In the energy band structure shown in Figure 1, when the forbidden band width Eg is relatively small, as the temperature increases, the number of electrons transitioning from the valence band to the conduction band increases, and the same number of holes are generated in the valence band. The process is called the generation of electron-hole pairs. The semiconductors that can generate such pairs at room temperature and have a certain conductivity are called intrinsic semiconductors, which can only be obtained in extremely pure materials. In general, due to the presence of impurities or defects in the semiconductor, either electrons or holes, which are free carriers, increase, resulting in a doped semiconductor. Those with excess electrons are called n-type semiconductors, and those with excess holes are called p-type semiconductors.

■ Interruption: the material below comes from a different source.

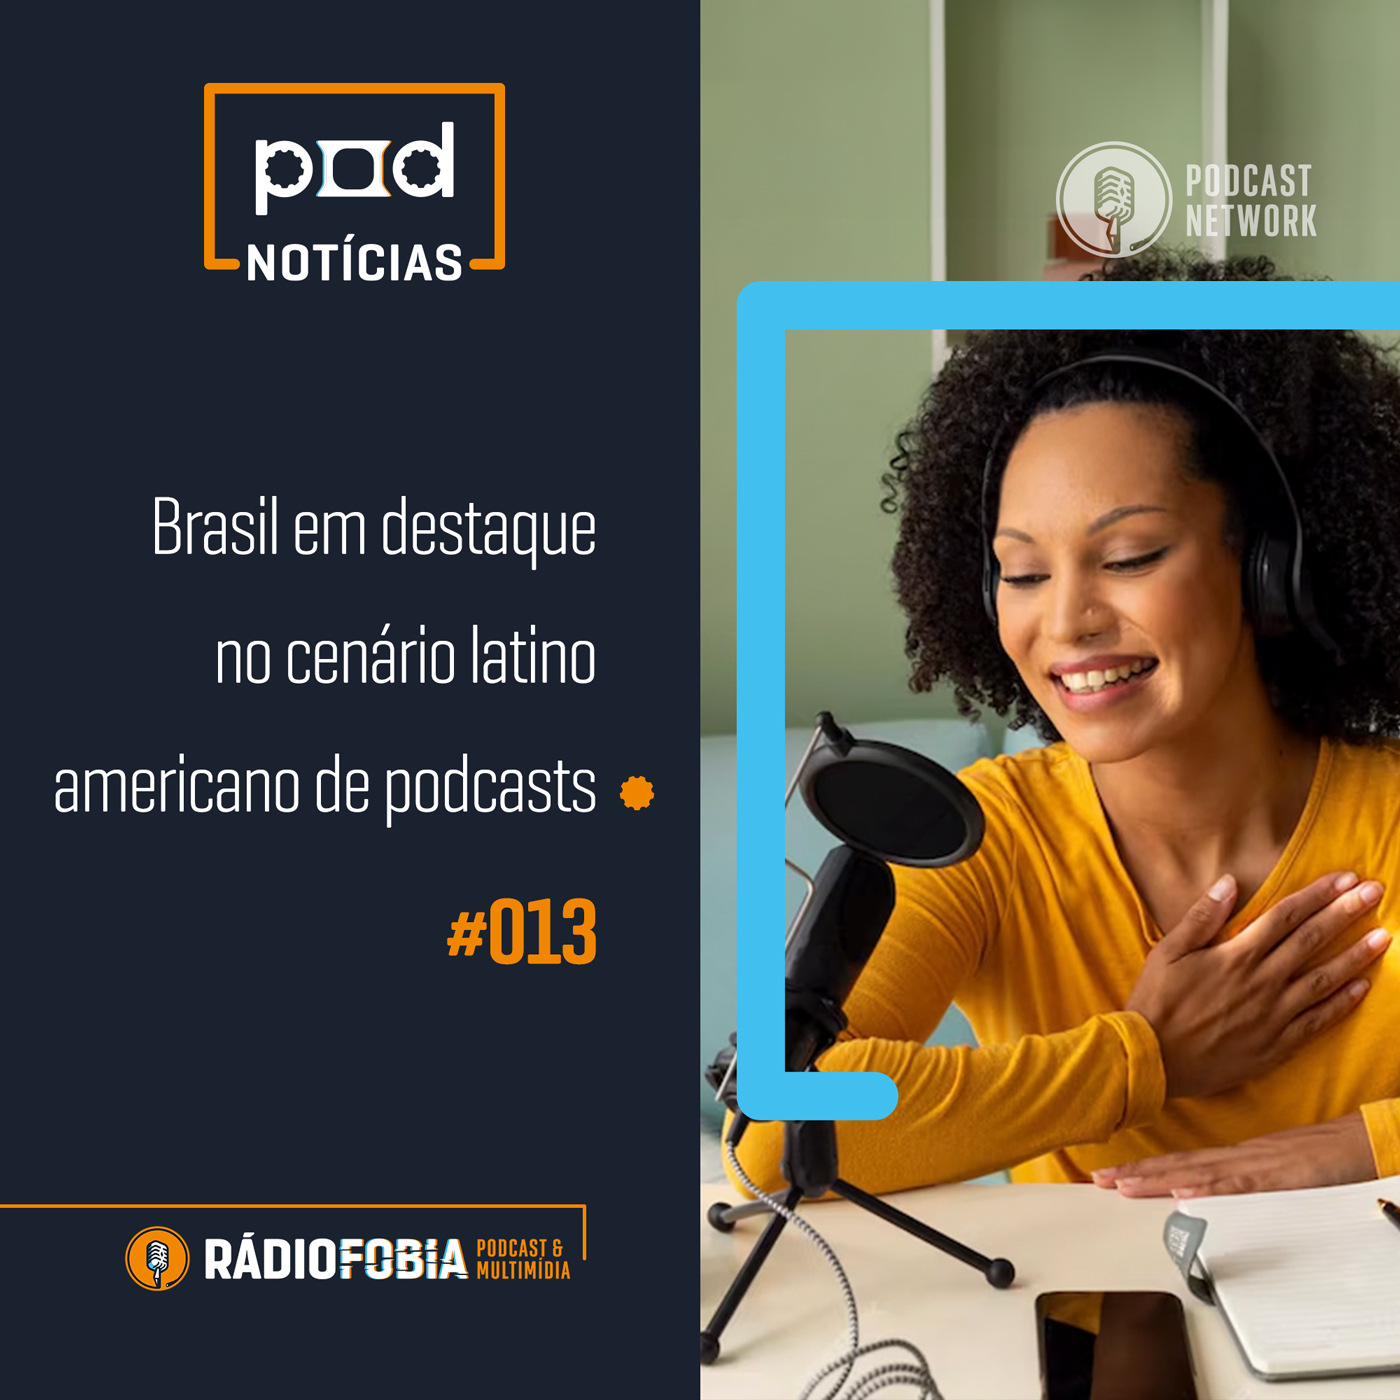 Pod Notícias 013 – Brasil em destaque no cenário latino americano de podcasts

Impurity atoms can be incorporated into the crystal structure in two ways: they can squeeze into positions between the atoms of the host crystal, a condition called interstitial impurities; or they can replace atoms in the host crystal, keeping them in the crystal structure A regular arrangement of atoms, in which case they are called substitutional impurities.
Group IIIA and VA atoms in the periodic table act as substitutional impurities in silicon, and Figure 2 shows a partial lattice in which a group VA impurity (eg, phosphorus) replaces one silicon atom. Four valence electrons form covalent bonds with the surrounding silicon atoms, but the fifth is in a different situation, it is not in the covalent bond and therefore not in the valence band, it is bound to the group VA atoms, so it cannot pass through the crystal. The lattice moves freely, so it is also not in the conduction band.
It can be expected that the release of this excess electron requires less energy than the free electron bound in the covalent bond, much smaller than the 1.leV bandgap energy of silicon. Free electrons are located in the conduction band, so the excess electrons bound to group VA atoms are located at an energy E’ below the bottom of the conduction band, which places an allowable energy level in the “forbidden” interstitial, group IIIA Analysis of impurities is similar. For example, when group VA elements (Sb, As, P) are doped into single-element semiconductor silicon single crystals as impurities, these impurities replace the positions of silicon atoms and enter the lattice points (Figure 3)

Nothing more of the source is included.